- **The task**
Any picture must be dropped, but each line of the data should be duplicated exactly.

Recorded data
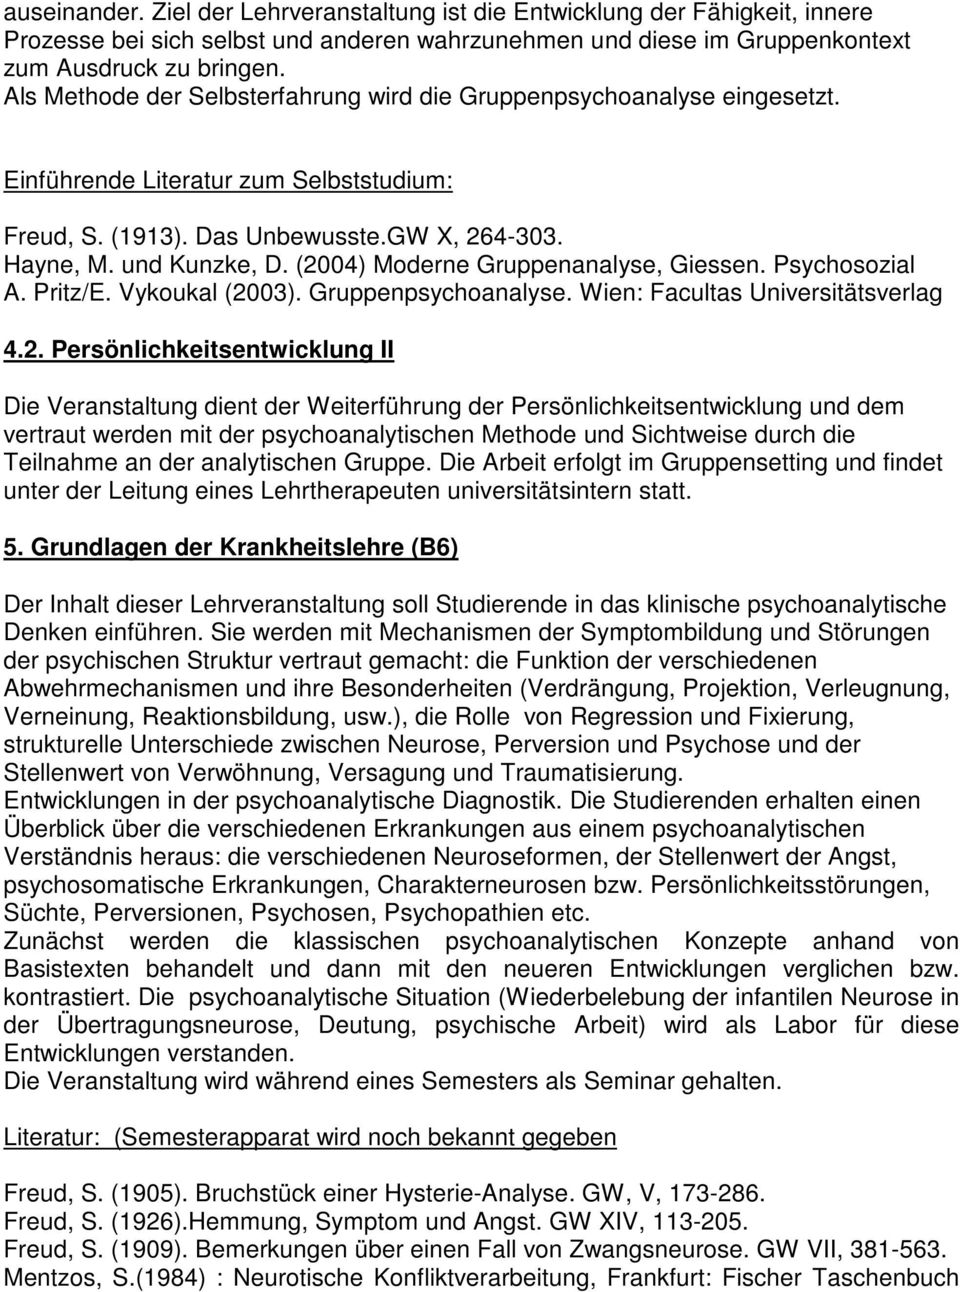 (2004) Moderne Gruppenanalyse, Giessen. Psychosozial A. Pritz/E. Vykoukal (2003). Gruppenpsychoanalyse. Wien: Facultas Universitätsverlag 4.2. Persönlichkeitsentwicklung II Die Veranstaltung dient
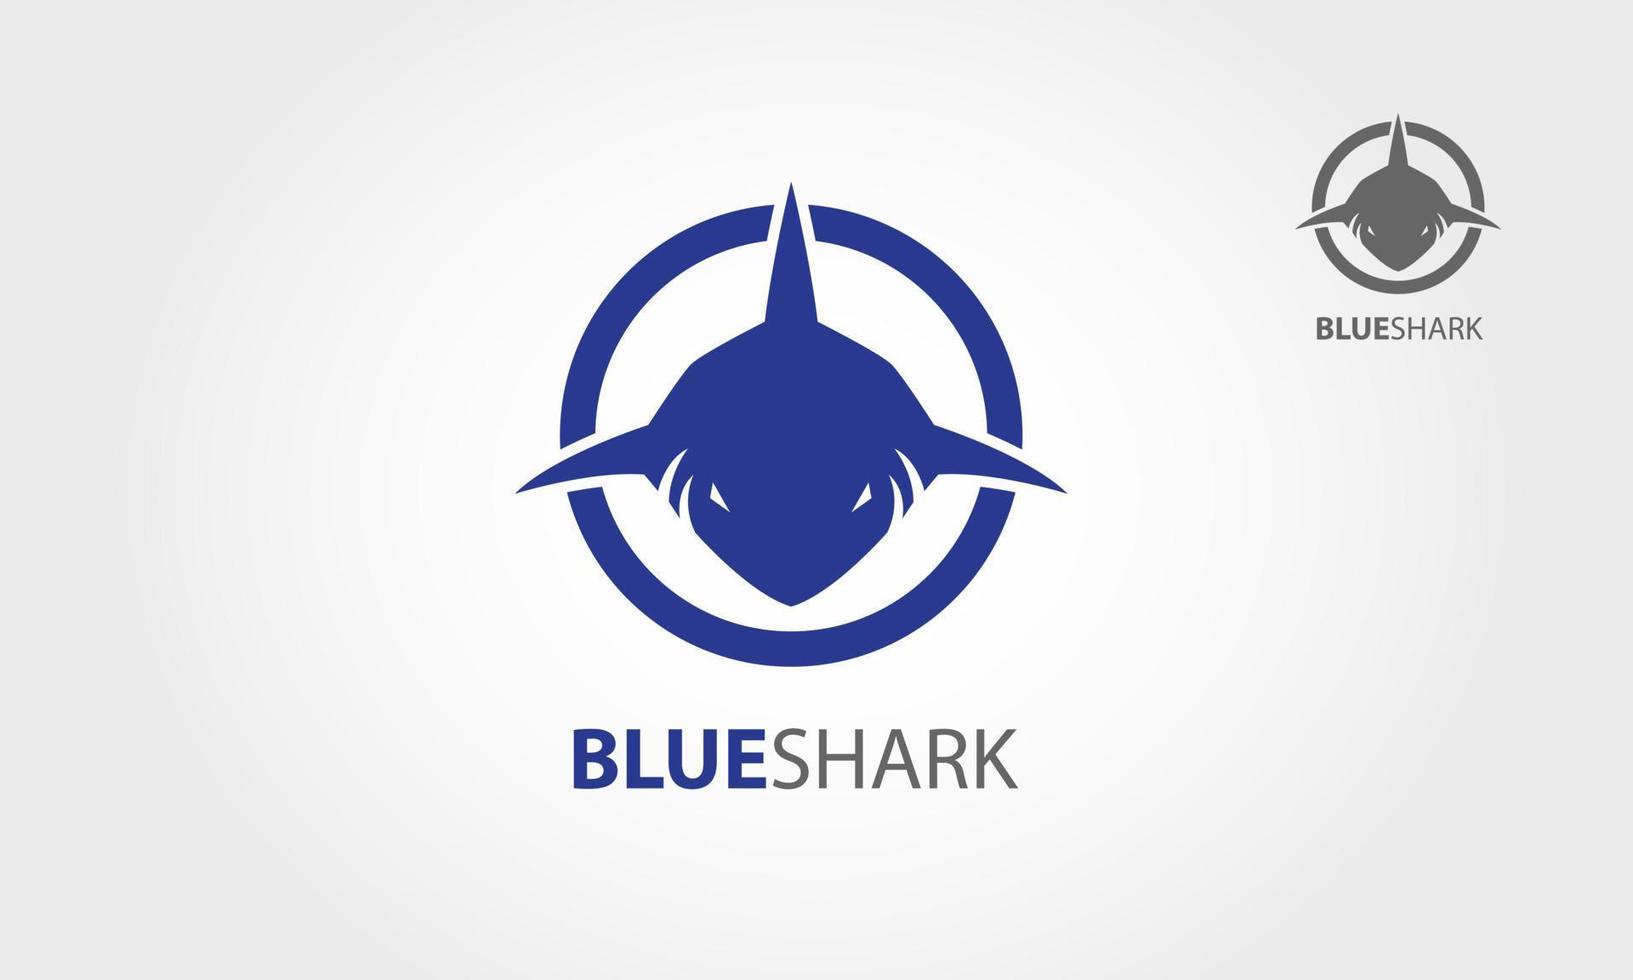 blauwe haai vector logo sjabloon. frontale hoofd van haai vector logo illustratie. het symboliseert agressie, druk, kracht, snelheid, aanval.
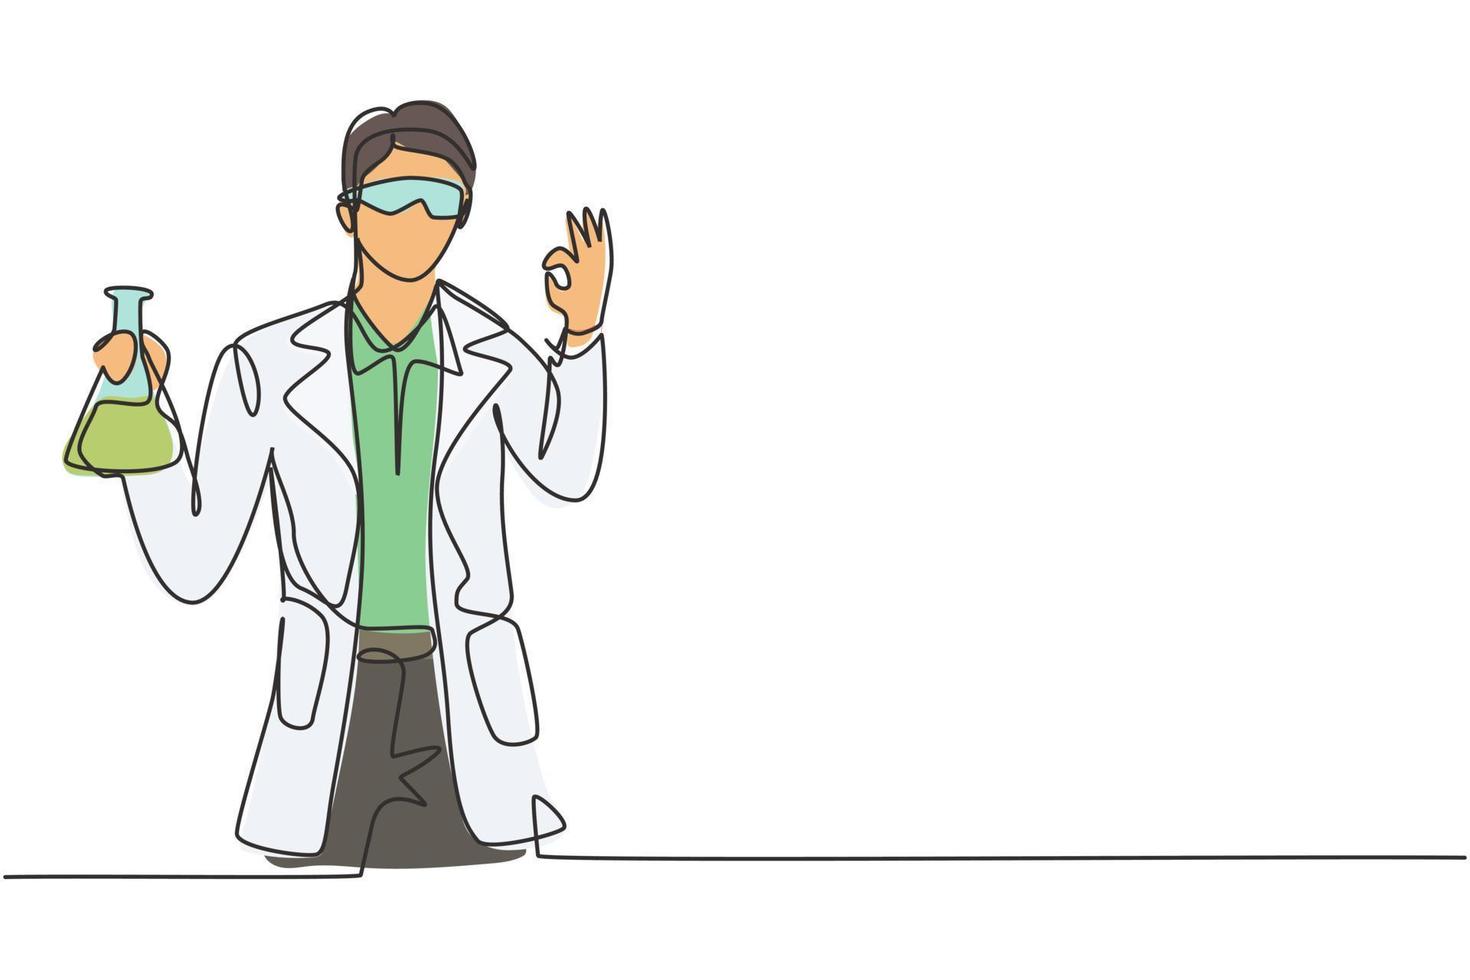 Einzelzeichnung eines männlichen Wissenschaftlers mit Geste in Ordnung und Halten des Messrohrs zur Untersuchung der chemischen Lösung zur Herstellung eines Impfstoffs. moderne durchgehende Linie zeichnen Design-Grafik-Vektor-Illustration vektor
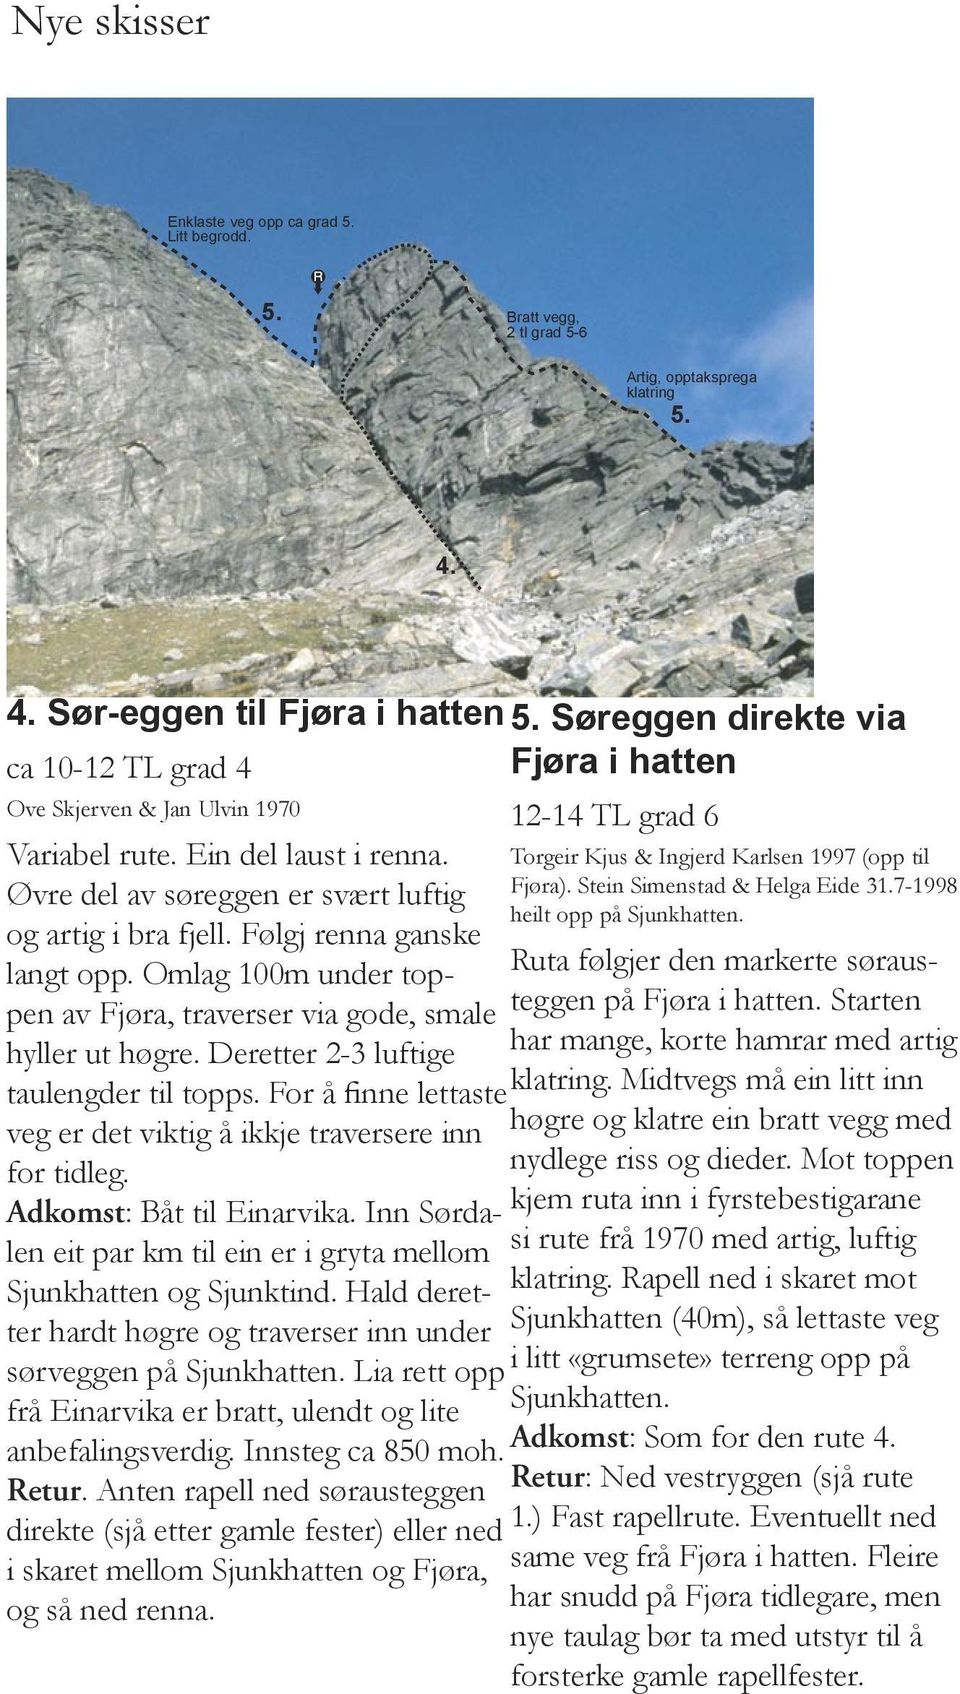 Torgeir Kjus & Ingjerd Karlsen 1997 (opp til Øvre del av søreggen er svært luftig Fjøra). Stein Simenstad & Helga Eide 31.7-1998 heilt opp på Sjunkhatten. og artig i bra fjell.
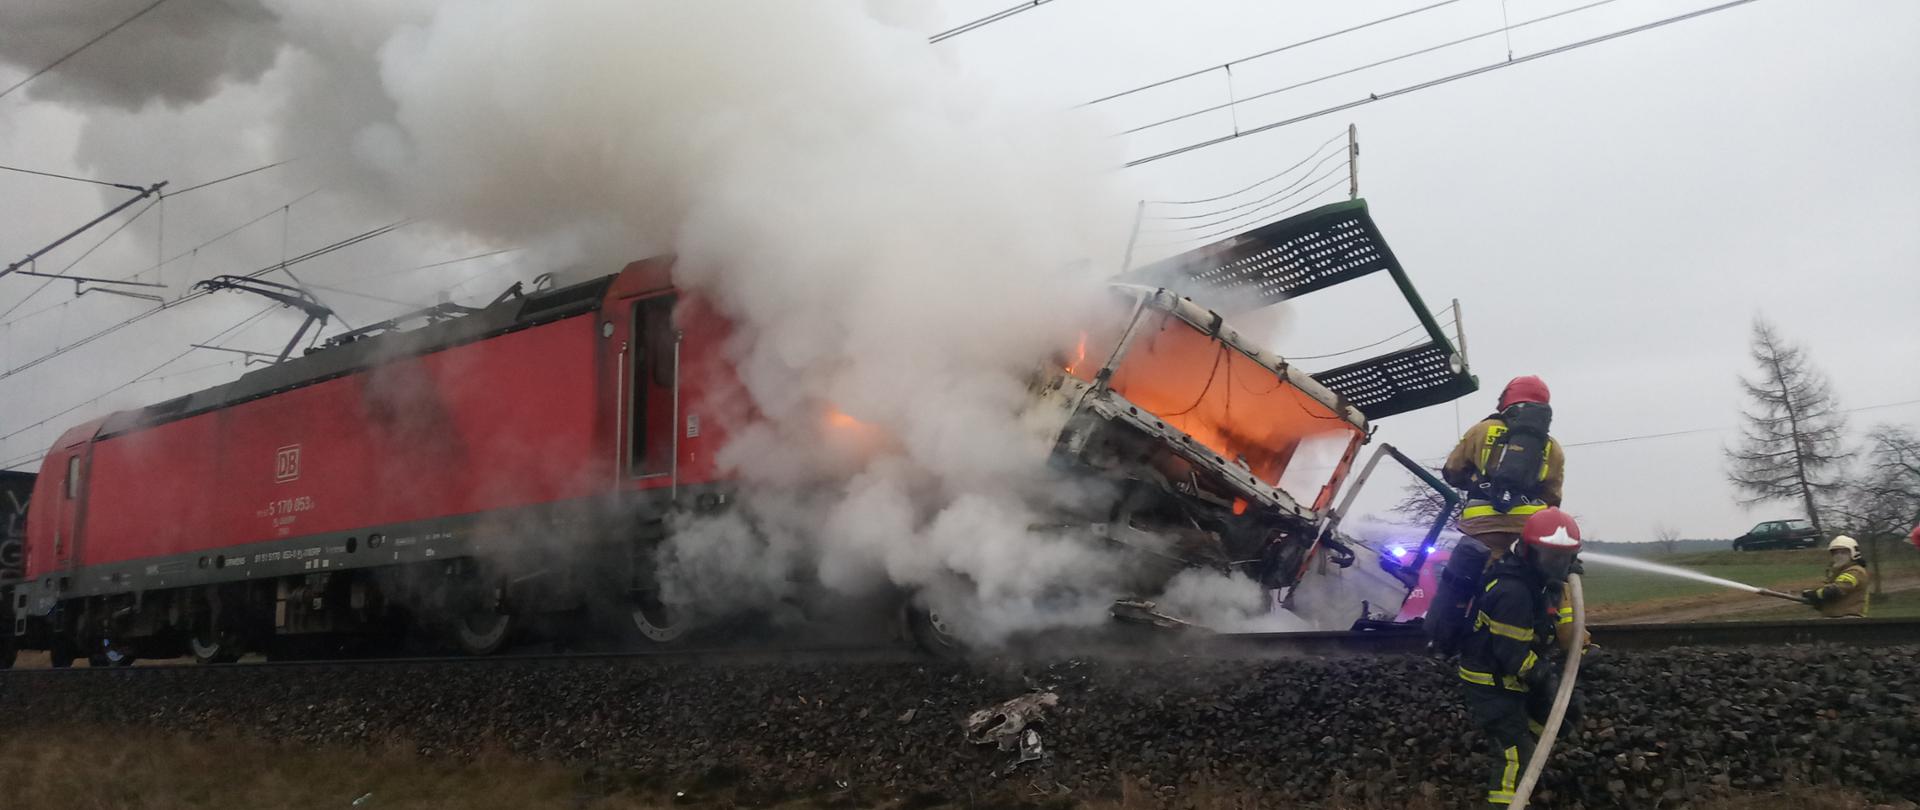 Na zdjęciu widać płonący samochód ciężarowy po zderzeniu z lokomotywą. Jest duże zadymienie a strażacy zabezpieczeni w aparaty ochrony dróg oddechowych gaszą pożar

- **Answer section**
 (2004) Moderne Gruppenanalyse, Giessen. Psychosozial A. Pritz/E. Vykoukal (2003). Gruppenpsychoanalyse. Wien: Facultas Universitätsverlag 4.2. Persönlichkeitsentwicklung II Die Veranstaltung dient
 blauwe haai vector logo sjabloon. frontale hoofd van haai vector logo illustratie. het symboliseert agressie, druk, kracht, snelheid, aanval.
 Einzelzeichnung eines männlichen Wissenschaftlers mit Geste in Ordnung und Halten des Messrohrs zur Untersuchung der chemischen Lösung zur Herstellung eines Impfstoffs. moderne durchgehende Linie zeichnen Design-Grafik-Vektor-Illustration vektor
 Torgeir Kjus & Ingjerd Karlsen 1997 (opp til Øvre del av søreggen er svært luftig Fjøra). Stein Simenstad & Helga Eide 31.7-1998 heilt opp på Sjunkhatten. og artig i bra fjell.
 Na zdjęciu widać płonący samochód ciężarowy po zderzeniu z lokomotywą. Jest duże zadymienie a strażacy zabezpieczeni w aparaty ochrony dróg oddechowych gaszą pożar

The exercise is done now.